As Iran nuclear deal nears, Saudi Arabia rebuilds stake in Lebanon


Abu Dhabi, UAE (CNN) – Lebanese Prime Minister Najib Mikati is due to visit Saudi Arabia within the next two weeks, a first trip by a Lebanese prime minister to the Arab powerhouse in nearly four years following a unprecedented breakdown of relations.

The last visit was in 2018 by then-Prime Minister Saad Hariri, who resigned in 2021 nearly nine months after being tasked with forming the country’s government.

One of Lebanon’s biggest benefactors, Saudi Arabia’s ties with Beirut have steadily deteriorated over the past decade, a split fueled by the growing influence of Iran-backed Hezbollah in the country. It happened in 2017 when Hariri, once Saudi Arabia’s main ally in Lebanon, quit in a statement televised from Riyadh. Lebanese politicians said he was forced to make the decision after being detained in the kingdom. Hariri and Saudi Arabia have denied these allegations.

Tensions peaked with a breakdown in relations in October following Lebanese Information Minister George Kordahi’s open criticism of the Saudi-led coalition’s war in Yemen. The comments were made before Kordahi took office, but Saudi Arabia and other Gulf states withdrew their envoys from Beirut after recordings of the critics surfaced. The minister subsequently resigned.

Lebanon has been suffering for more than two years from a financial crisis which, according to the World Bank, is one of the worst in the world since the 19th century.

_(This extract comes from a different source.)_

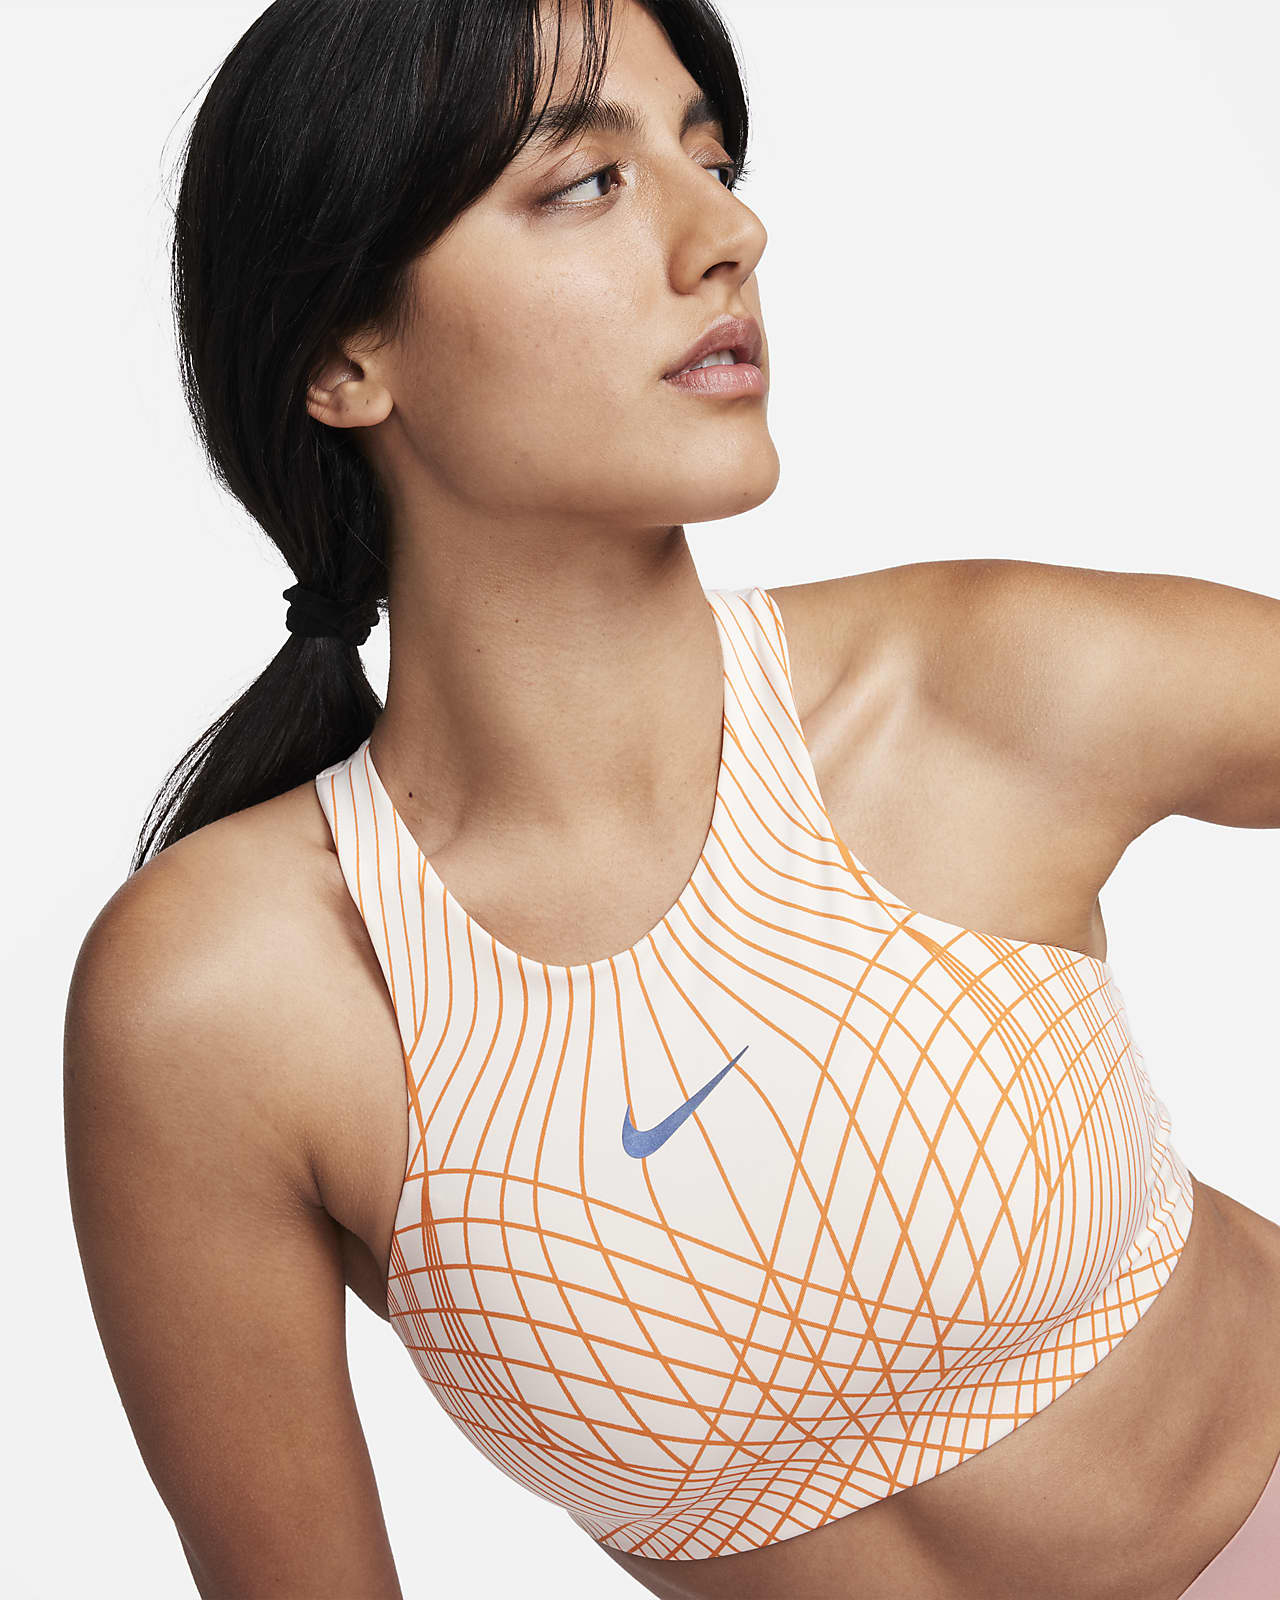 Dámská sportovní podprsenka Nike Swoosh s vysokým límcem a vycpávkami se střední oporou
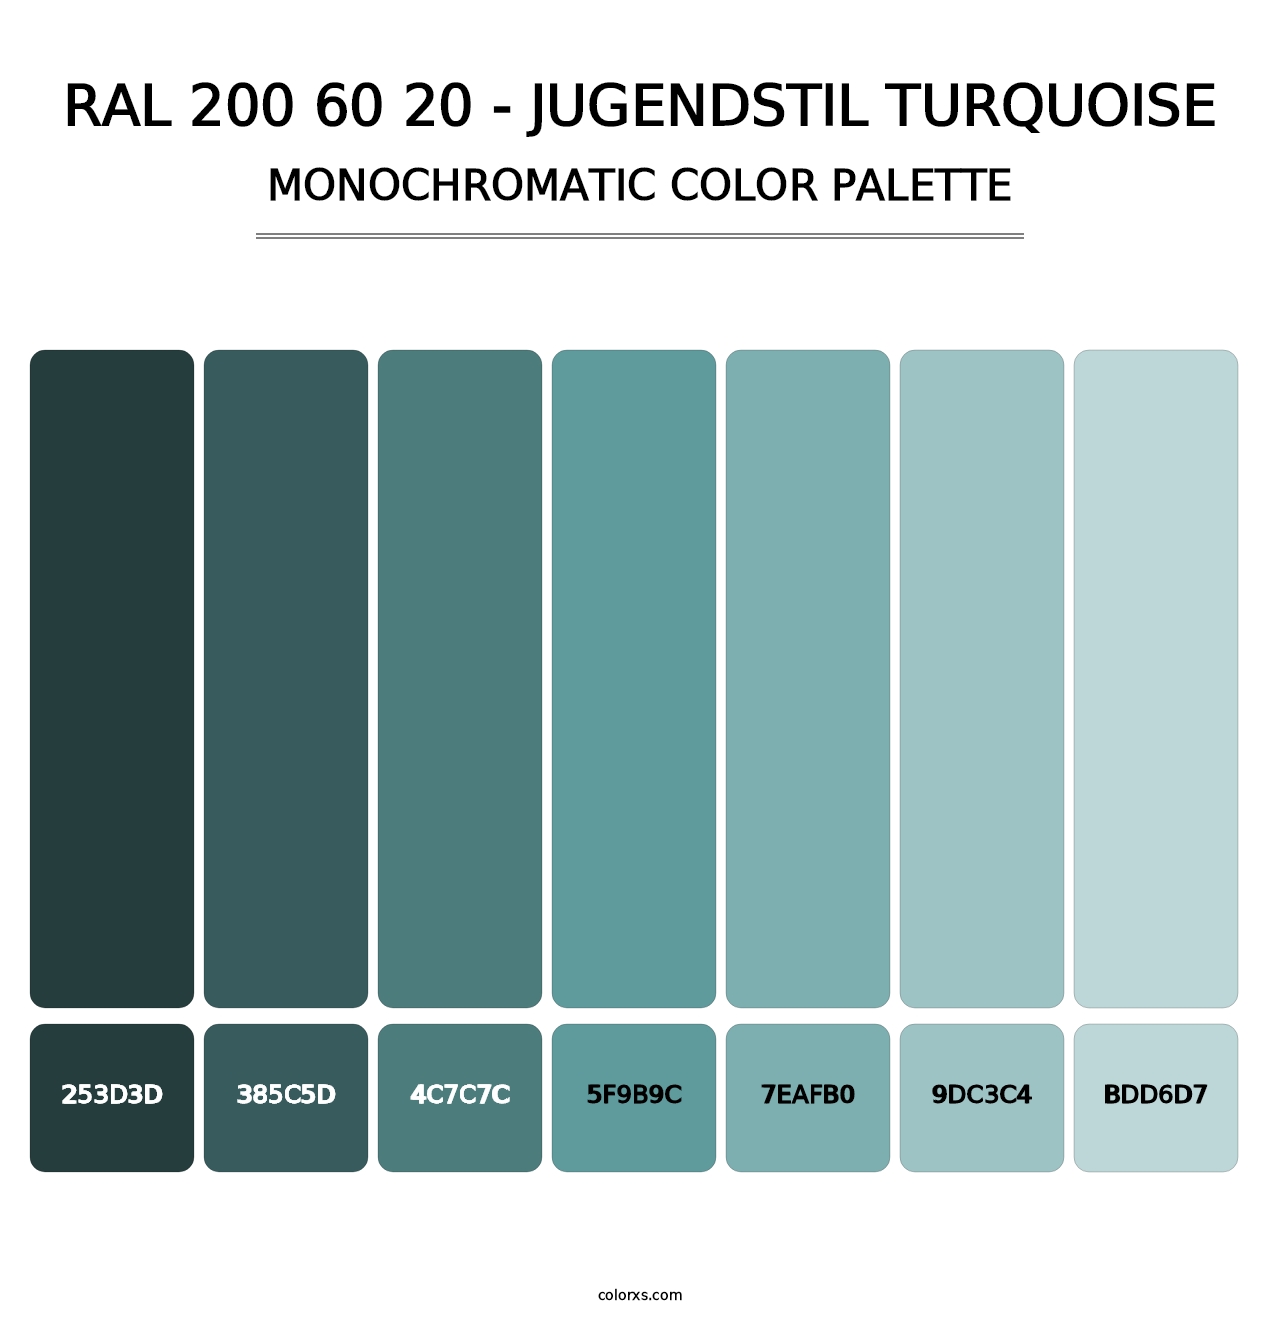 RAL 200 60 20 - Jugendstil Turquoise - Monochromatic Color Palette

The Levantine country’s woes were further exacerbated by political wrangling, corruption, and disputes over a delicate system of power-sharing.

Ties with Riyadh, however, seem to be recovering. Saudi Arabia and its Arab allies Kuwait and Yemen have announced that they will restore their ambassadors to Beirut. The Saudi ambassador to Lebanon also hosted a Ramadan iftar banquet, which was attended by Lebanese leaders and former officials.

Do the Saudi and Arab overtures to Lebanon indicate a turnaround? And why now?

Michael Young, editor of the Malcolm H. Kerr Carnegie Middle East Center in Beirut, told CNN what this means for Saudi-Lebanese relations and for the region as a whole.

How have Lebanon’s relations with Saudi Arabia and other Gulf states deteriorated since 2017, and particularly over the past year?

The relationship for a number of years was problematic because the Saudis reasonably believed Hezbollah to be the dominant political force in the country. This has also been exacerbated in part by the fact that Hezbollah has sided with the Houthis in Yemen and is of course a close ally of Iran. This generated Saudi ill will towards Lebanon. This situation has also been aggravated by the fact that relations between Saudi Arabia and Hariri have not really been very good in recent years.

At the same time, I think Saudi interests had shifted elsewhere. The eye of the Saudis is of course on Iran, but relations with the United States and the war in Yemen have been a major concern.

What do you think of the recent openings of the Gulf States? Are ties on the mend?

There is a new way Arab countries in general are dealing with both Syria and Lebanon… The openness to Lebanon is something along the lines of the openness to Bashar al-Assad’s regime. These two are not completely separate.

The Arab attitude today is that they need to engage more with Syria and Lebanon. If they want to contain Iran in the region, they must reopen ties, [and] rebuild their stakes in countries like Syria and Lebanon. And so it makes sense to them right now, especially if the JCPOA [the collapsed 2015 Iran nuclear agreement currently in renegotiation] is going to be signed, to take a new position, no longer a policy of isolation, but a policy of strengthening their holdings in both countries.

How is Lebanon benefiting from improved relations with Saudi Arabia? Could they help him out of the economic turmoil?

I don’t think anyone wants to give money to Lebanon until there are economic reforms in the country. Nobody wants to lose money in Lebanon like before. If in the future Lebanon will benefit from economic aid, this must obviously come mainly from the Arab world, in particular from the Arab countries of the Gulf. Any Sunni Prime Minister in Lebanon, and in particular the current Sunni Prime Minister Mikati, has an interest and is very keen to maintain good relations with the Gulf countries. And they don’t want to allow Hezbollah to undermine those relationships.

I don’t see any money coming from the Gulf States until reforms are introduced… The Gulf will watch things like the progress of Lebanon’s deal with the IMF (International Monetary Fund). If Lebanon introduces reforms and the agreement with the IMF is concluded, there is a good chance that it will help Lebanon. But until then, all they are prepared to do is help Lebanon for humanitarian reasons, which basically means that they will not go through the Lebanese state.